The Chinese shopping company Taobao of Alibaba suffered data breach (data breach), after a Chinese software developer used web crawl software to acquire 1,1 billion pieces of data, including usernames and mobile phone numbers. The news about huge data leak brought to light the The Wall Street Journal (WSJ), on June 15, referring to a Chinese court ruling.
In particular, the WSJ cited a recent ruling by a district court in central Henan, China, which stated that data reported in the data breach user IDs, mobile phone numbers, and user comments.
The court reported the data breach to police when Alibaba spotted the suspicious activity. Taobao is one of the most popular shopping platforms in China. According to the company, approximately 925 million people use Taobao and other Alibaba retail sites each month.
The decision did not hold Alibaba responsible for the leak. However, it could face administrative sanctions under China's 2017 Cyber Security Act, said Yuyunting, a senior fellow at the Shanghai Deband office.
According to a petition filed in Henan County Court, one software developer named Lu realized scraping of the site, using a tool developed on the Taobao platform in 2019. Lu began extracting some of the user data on the site, which was then passed on to Lu's employer. The WSJ reported that behind the action was a promotion company that worked with Taobao merchants. According to the report, the employer used the data to find new customers and requested Taobao coupons.

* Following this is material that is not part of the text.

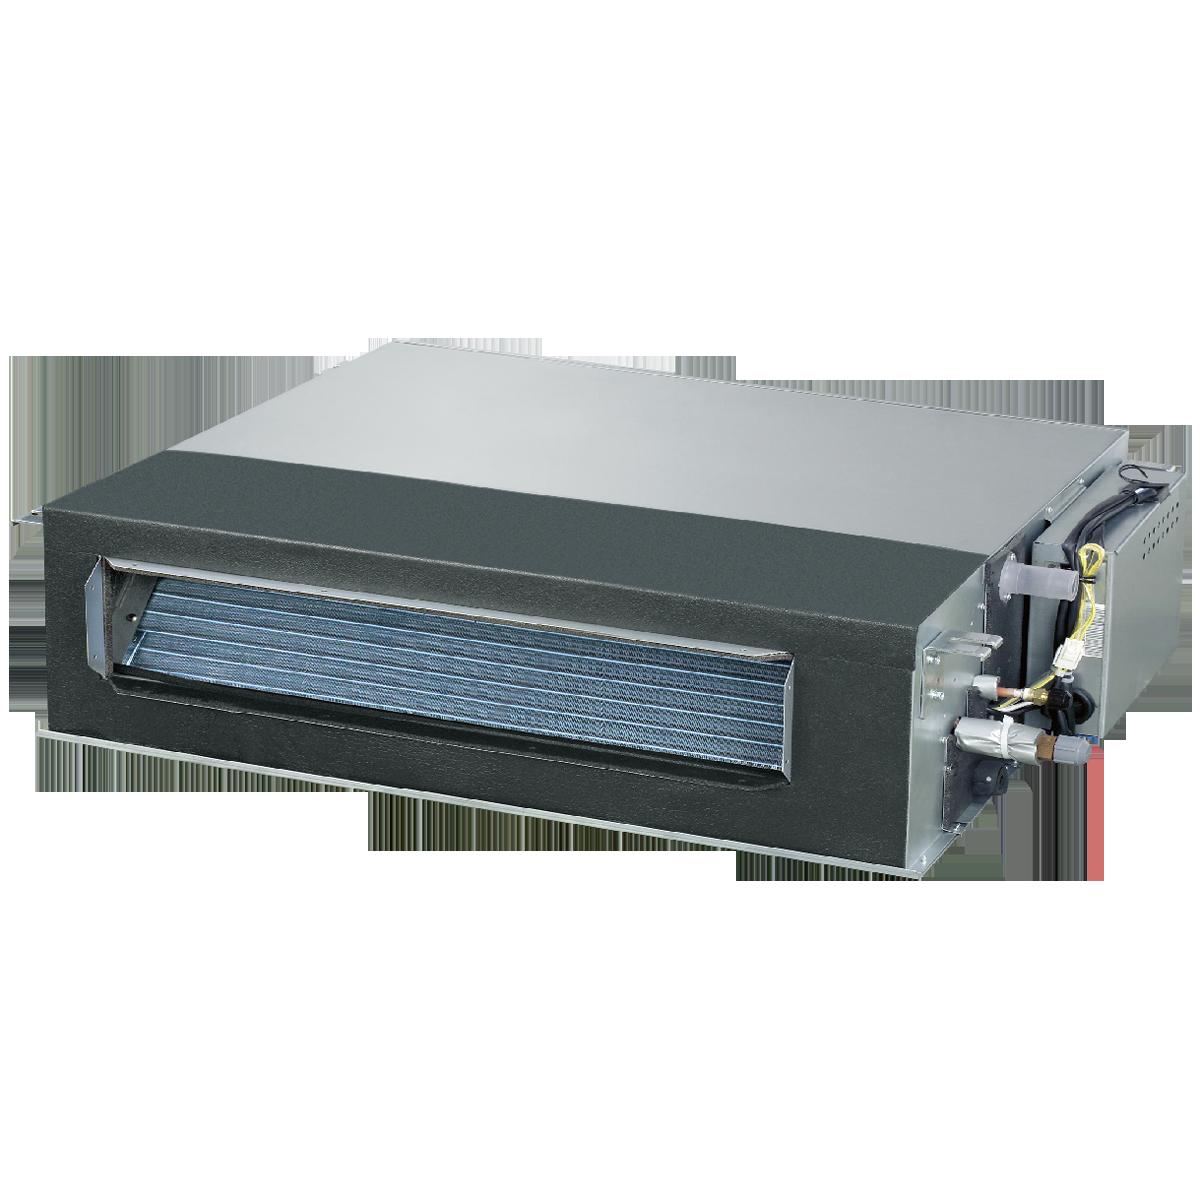 Calderas aire acondicionado precios venta e instalaci n for Aire acondicionado haier

The WSJ reported that both Lu and his anonymous employer were convicted of imprisonment for more than three years. Judgments of Chinese courts are generally published months later and usually contain only the surname.
The huge data leaks, in which consumer data is exposed, is common phenomenon in China in recent years, as the country's data security regulation struggles to respond to technological developments. Personal information from these leaks are often sold on the black market, which has led to one new privacy movement among Chinese citizens.

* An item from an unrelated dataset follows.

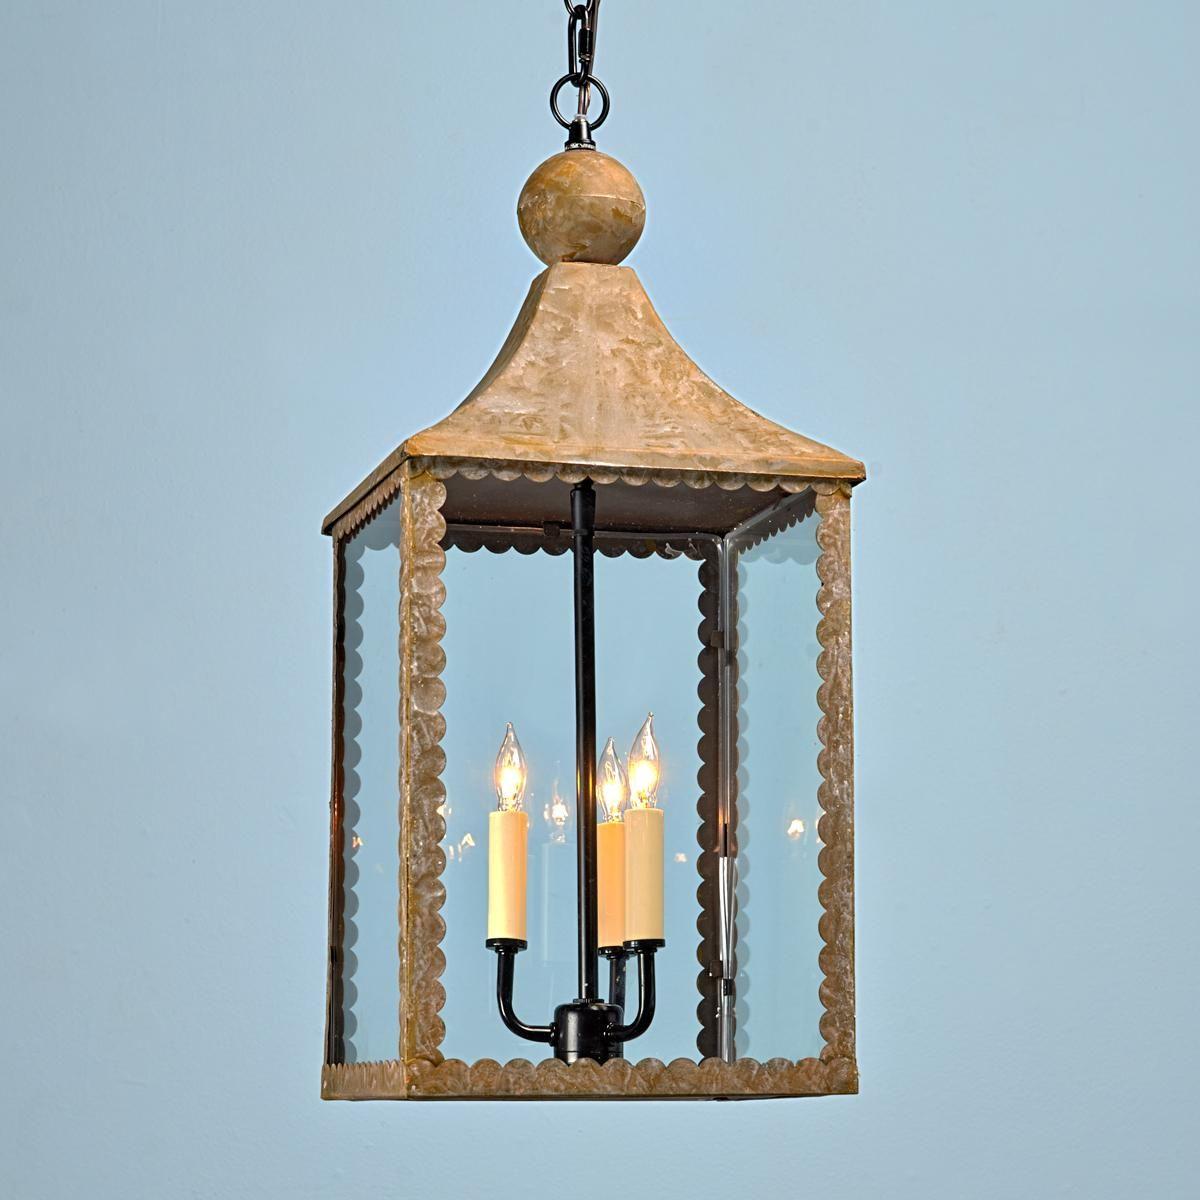 Scallop Trim Hanging Lantern Hanging Lanterns Hanging Light Fixtures Hanging Lights

Chinese lawmakers have been pushing for more oversight, aiming at better protection of personal data. Last week, China introduced one new law on data security, in order to strengthen Beijing 's control over data flows within the country and to improve consumer data protection.
The law, along with proposed legislation based on the European Union Data Protection Regulation, aims to strengthen data regulations, such as the Cyber Security Act introduced in 2017. China's new data security law passed in April. The law, which derives from the cyber security law of 2017, will enter into force on September 1.
Many technology giants, including Facebook, have also been confronted with serious data leaks. In April, Facebook accused "malicious actors" of scraping data, including names and phone numbers more than 530 of millions of users. Legal and privacy experts said at the time that the social media giant had chosen to describe the incident as data scraping instead of hacking, to avoid enforcing laws and regulations in various jurisdictions, requiring companies to report data leaks to both regulators and the public.